And for good reason. From the get-go, Greka has distinguished itself as a rogue operation, strategically impervious to the county’s regulatory charms. While other oil companies have striven to project a tidy-whitey image, Greka has been content to be the proverbial skunk-at-the-garden-party and turd-in-the-punchbowl combined. The Air Pollution Control District (APCD) reports that Greka has had more than 250 operational and safety violations during the past eight years, with fines in excess of $500,000. No other company commands nearly as much APCD staff time as Greka. In addition, there have been two criminal cases filed by the District Attorney’s office against Greka, resulting in settlements of $200,000 and $675,000. When asked whether Greka was the oil industry’s version of Santa Barbara’s convicted slumlord Dario Pini, one high-ranking county official who has dealt with Greka throughout the years quipped the comparison seemed unfair to Pini. “At least Dario’s buildings are still standing,” he said.

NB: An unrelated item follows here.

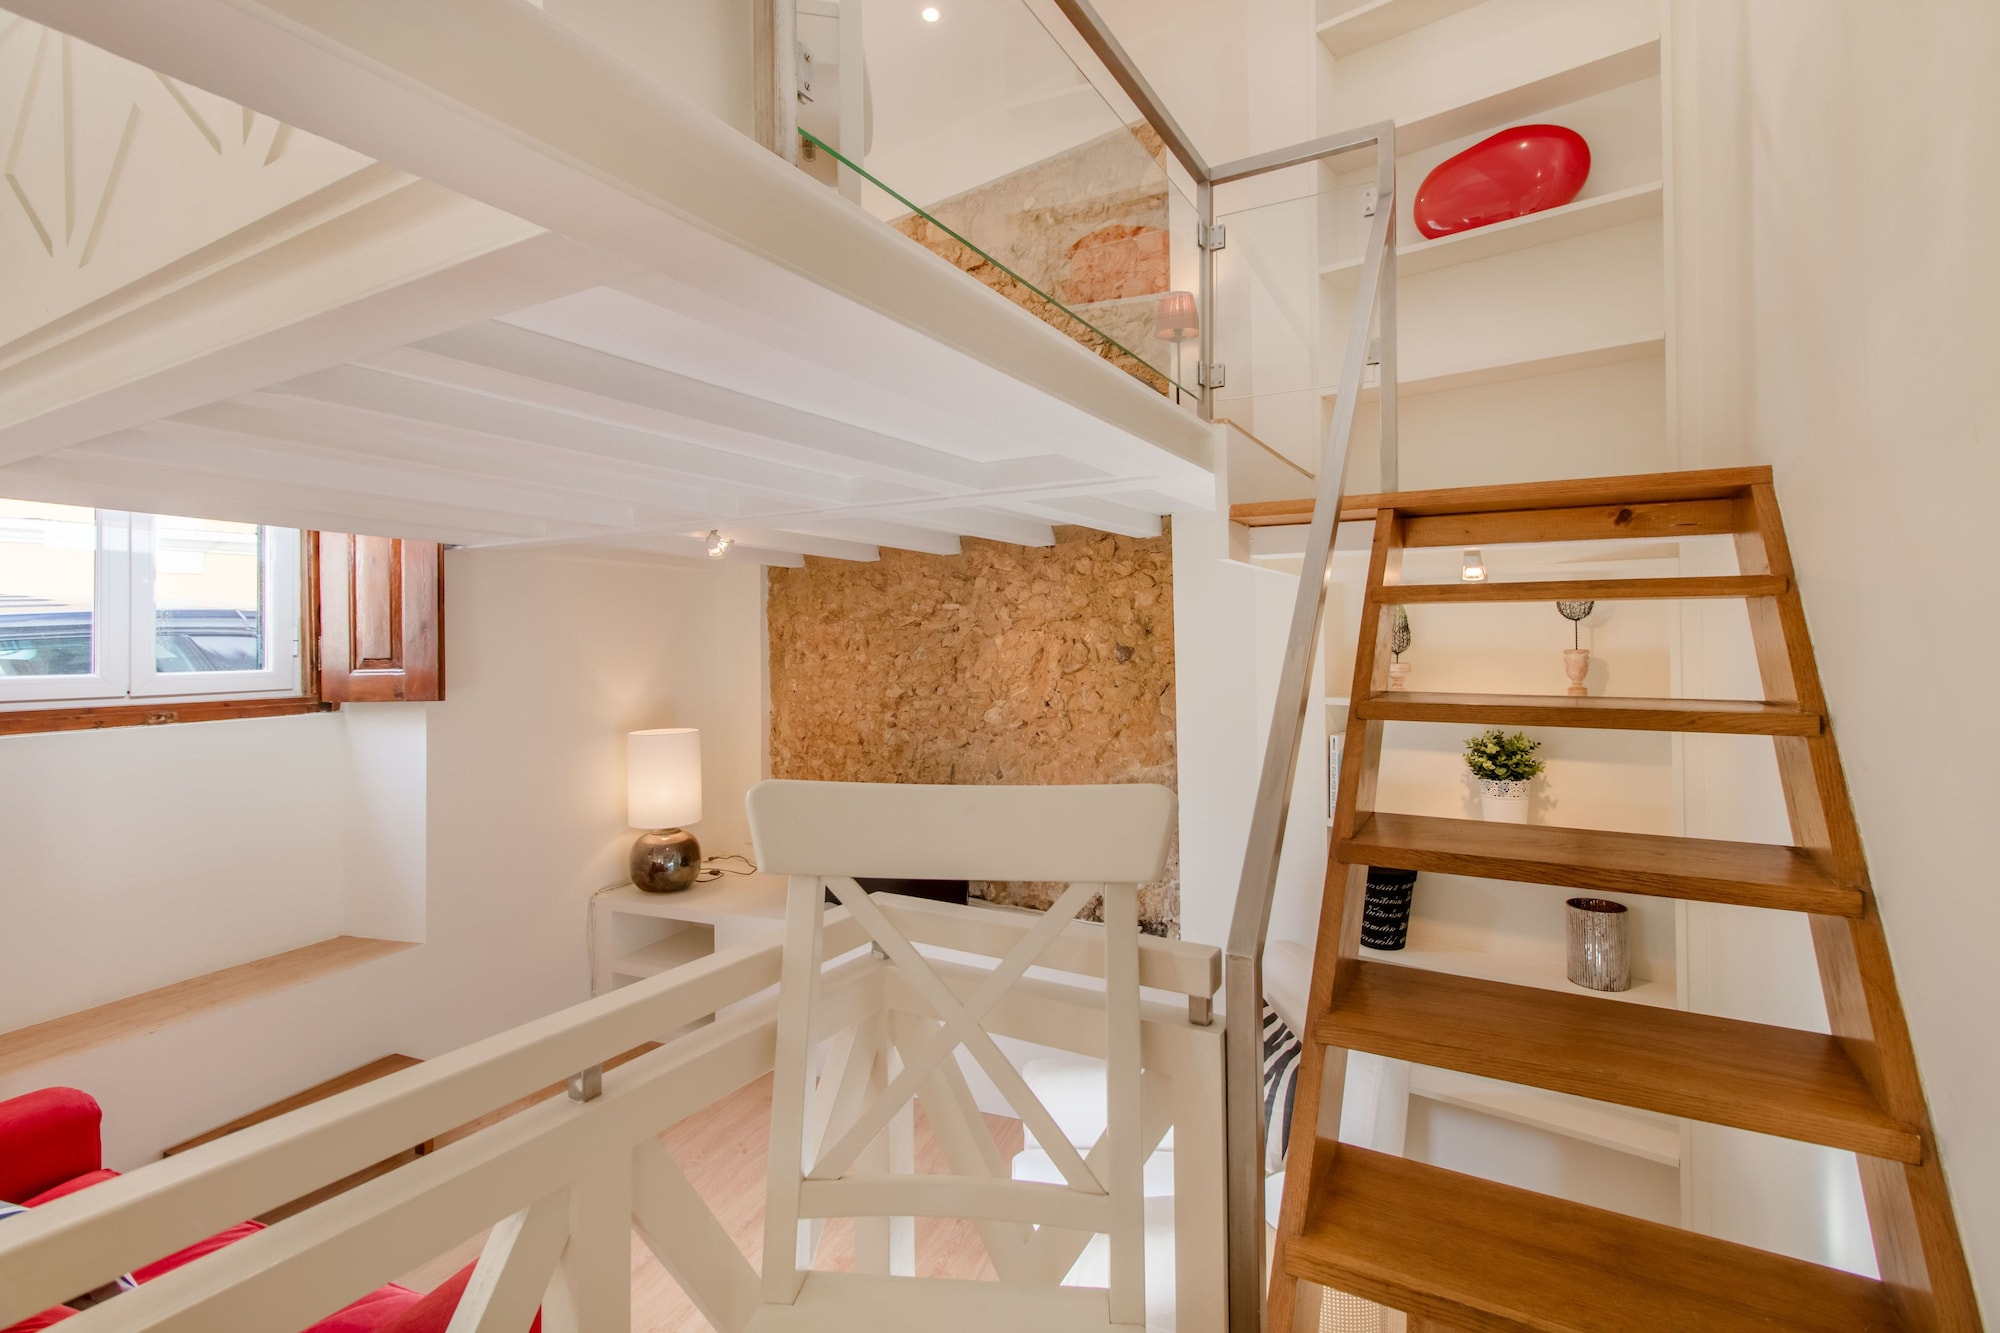 Lapa Cozy Flat With Mezzanine, Lisboa
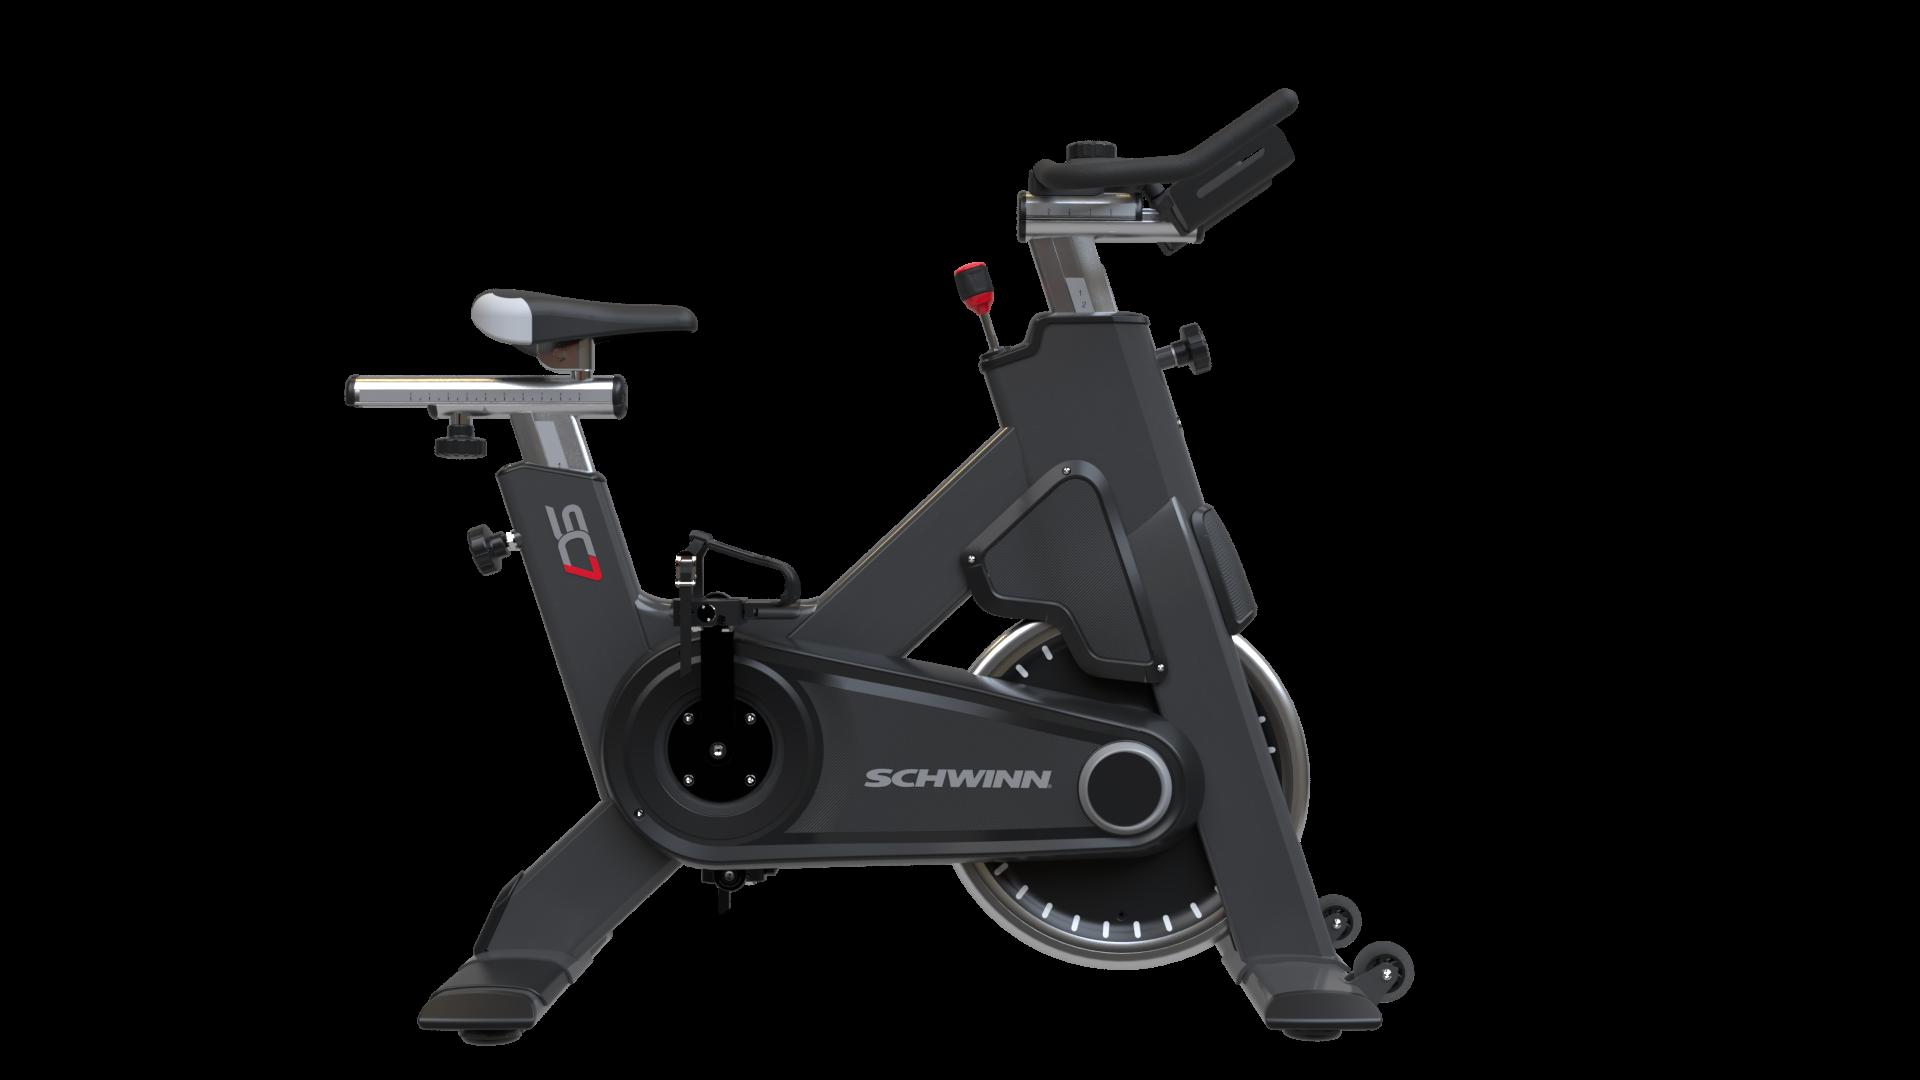 Schwinn SC7 Indoor Bike

When Greka moved to town, it bought out a passel of aging and ailing oil facilities in North County being abandoned by the larger, more established companies that had run them since the late 1930s. Greka was one of many newer companies that moved in seeking to get the last few sucks off Santa Barbara’s oil straw, making it the petrochemical equivalent of debauched drunks who seek out partially consumed beer bottles at parties to chug the last few sips. In Greka’s case, the plan was to create a vertically integrated asphalt empire, buying not just the asphalt production facility but the oil wells that produce the sticky, high-sulfur crude necessary to make high-grade asphalt.

Greka executive Randeep Grewal was as slick as they come, promising everything county regulators wanted. But trouble started almost immediately, and Grewal became even harder to talk to than Beanie Baby mogul Ty Warner or News-Press executrix Wendy McCaw. There were warnings beforehand that Greka lacked the deep pockets or the commitment needed to run its dilapidated oil facilities in a safe fashion. Although the supervisors eventually enacted an ordinance requiring county approval before such oil facilities could change hands, Greka got in under the wire. If nothing else, its chronic and flagrant safety problems give the lie to the accusation that Santa Barbara’s regulatory bureaucracy is unduly burdensome. In Greka’s case, it wasn’t nearly burdensome enough. Nor was Greka ever assigned to the one county agency with the expertise and teeth to get the job done-the Energy Division. Energy handles only offshore oil facilities; Greka is an onshore nightmare.

In the meantime, I’m happy the supervisors will be holding a necktie party for Greka early next year. I’d recommend they hold it the last Tuesday of the month. That’s January 29, which happens to be the 39th anniversary of Santa Barbara’s historic oil spill of 1969. I can’t think of a better way to celebrate. I’ll bring the dead birds.